A welcome move to check misuse of client securities
Further, because of holding securities for different purposes in a single account, it was difficult for the regulator to monitor movement and usage of client securities.
The Securities and Exchange Board of India (Sebi) has been constantly enhancing its guidelines and circulars to protect the interest of investors. In this connection, the guidelines issued in June 2019 to strengthen its oversight relating to misappropriation/misuse of unpaid securities and securities-based collateral of clients, particularly those who have running accounts or margin trading accounts with their stock broker, is a welcome move.
In the past, a practice had emerged amongst certain brokers to hold a client’s securities for various purposes such as collateral securities, unpaid securities and running account authorisation (RAA). Such securities were held in a single demat account designated as client beneficiary account. The RAA on client securities resulted in brokers exercising control on all such securities at all points in time.

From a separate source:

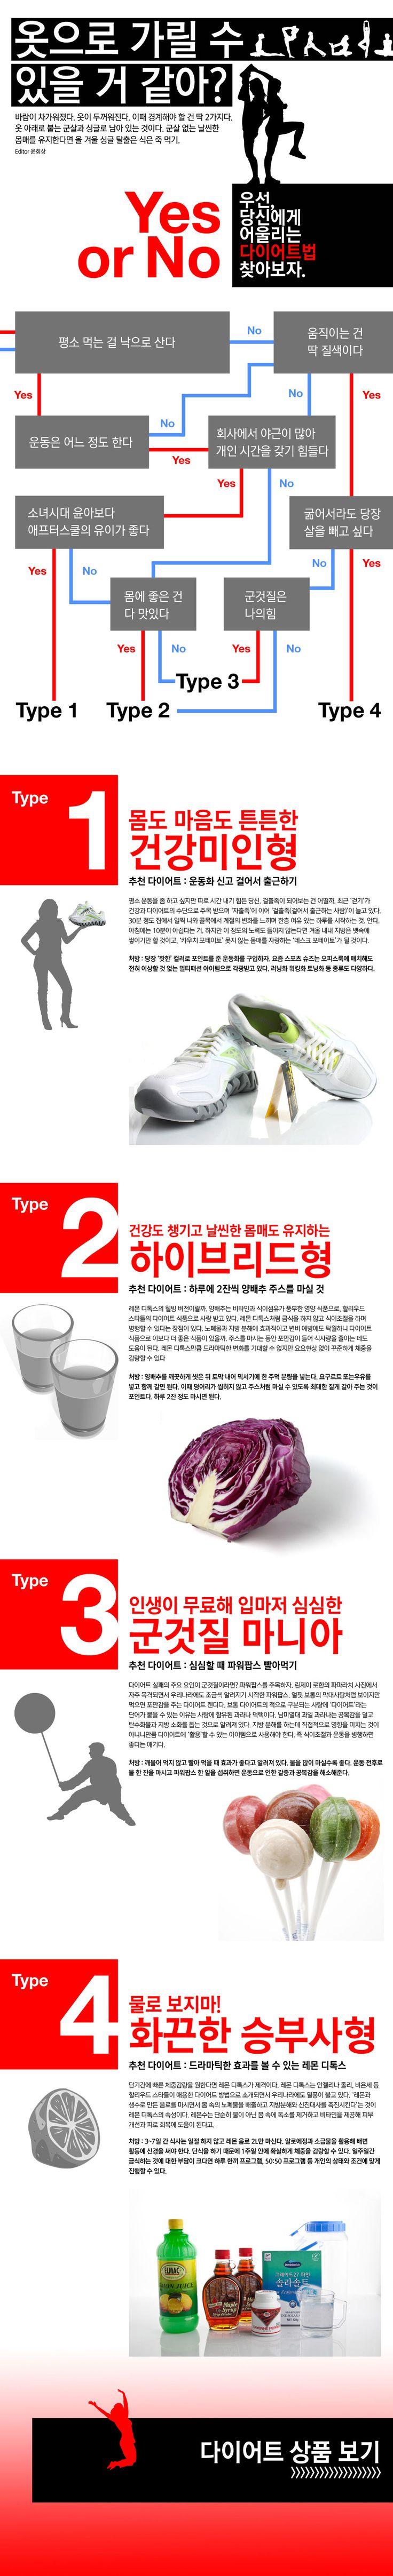 겨울철 다이어트 공략법

Further, because of holding securities for different purposes in a single account, it was difficult for the regulator to monitor movement and usage of client securities. Brokers carrying on this practice placed such securities as collateral with banks/NBFCs generally for raising funds to meet the respective client’s debit obligations. However, some cases of misuse also surfaced wherein certain brokers had used client’s securities for fulfilling securities shortages of other clients / proprietary trades or for raising funds for meeting debit requirements of other clients or for own account. This posed a risk to investors whose shares were being pledged, since, in case of a default by the broker in meeting his obligation towards the lender / clearing member, the pledge on the securities could get invoked and the securities could be liquidated without the client being at fault and without the client’s knowledge.
To overcome this issue, Sebi issued guidelines in June 2019 stating that client’s securities lying with the broker as collateral for availing of margin trading facility or as unpaid securities cannot be pledged to Banks/NBFCs for raising funds and that client’s securities already pledged should either be unpledged and returned to the clients upon fulfillment of pay-in obligation or disposed of after giving notice of five days to the client.
Further, no RAA is permitted for holding client securities and as per regulatory requirements, securities received in pay-out against which payment has been made by clients should be transferred to the demat account of the respective clients within one working day of the pay-out by the exchange. These measures will restrict usage of client securities for raising funds by the broker and accordingly avoid unpleasant surprises to clients arising out of sale of such securities because of a default by the broker or some other client.
Going forward, brokers will either fund clients out of their own funds (net worth or borrowed) or, where brokers cannot extend credit facility, clients will directly raise funds from another entity like a bank or NBFC.
Earlier, brokers were transferring securities purchased by the client (and received through the exchange’s payout into the pool account) directly to the collateral account. Now, Sebi has mandated that securities payout cannot be directly transferred from pool account to collateral demat account. It should be first transferred to the demat account of the respective clients and thereafter, the same may be transferred to the collateral account. This process has been created to ensure concurrence of the client to such collateral creation and to create an audit trail for the same. However, brokers have power of attorney on client demat account and they may still transfer client securities into the collateral account. Brokers are expected to adopt good practices for transfer of client securities based on client authorisation.
Also, as per the June 2019 circular, securities that have not been paid for in full by the clients (unpaid securities), should either be transferred to the demat account of the respective client upon fulfillment of client’s fund obligation or should be disposed of in the market by the broker within five trading days after the pay-out. This will ensure that any leveraged position in shares being maintained by clients beyond five days is created only in compliance with guidelines issued by Sebi for margin trading funding (MTF).
MTF guidelines stipulate adequate level of margins for various shares which in-turn ensures that customer’s positions are not required to be sold on account of small price movements which could further increase volatility in the markets. The margins also protect the interest of brokers by ensuring that they have sufficient cover against margin funding provided by them.
These measures are a commendable effort by the regulator to ensure protection of the interest of investors and will go a long way in developing a strong and robust capital market.
While implementing these measures may pose certain short-term challenges to certain brokers, these are welcome measures since they will provide a level playing field for market intermediaries with uniform practices and will result in immense value to investors by providing protection to their securities and a stable market in the longterm. Ensuring that client’s securities are not misused would result in a stronger and wider participation of investors in equity markets thereby going a long way in development of capital markets.
(The author is MD, ICICI Securities. Views expressed are personal.)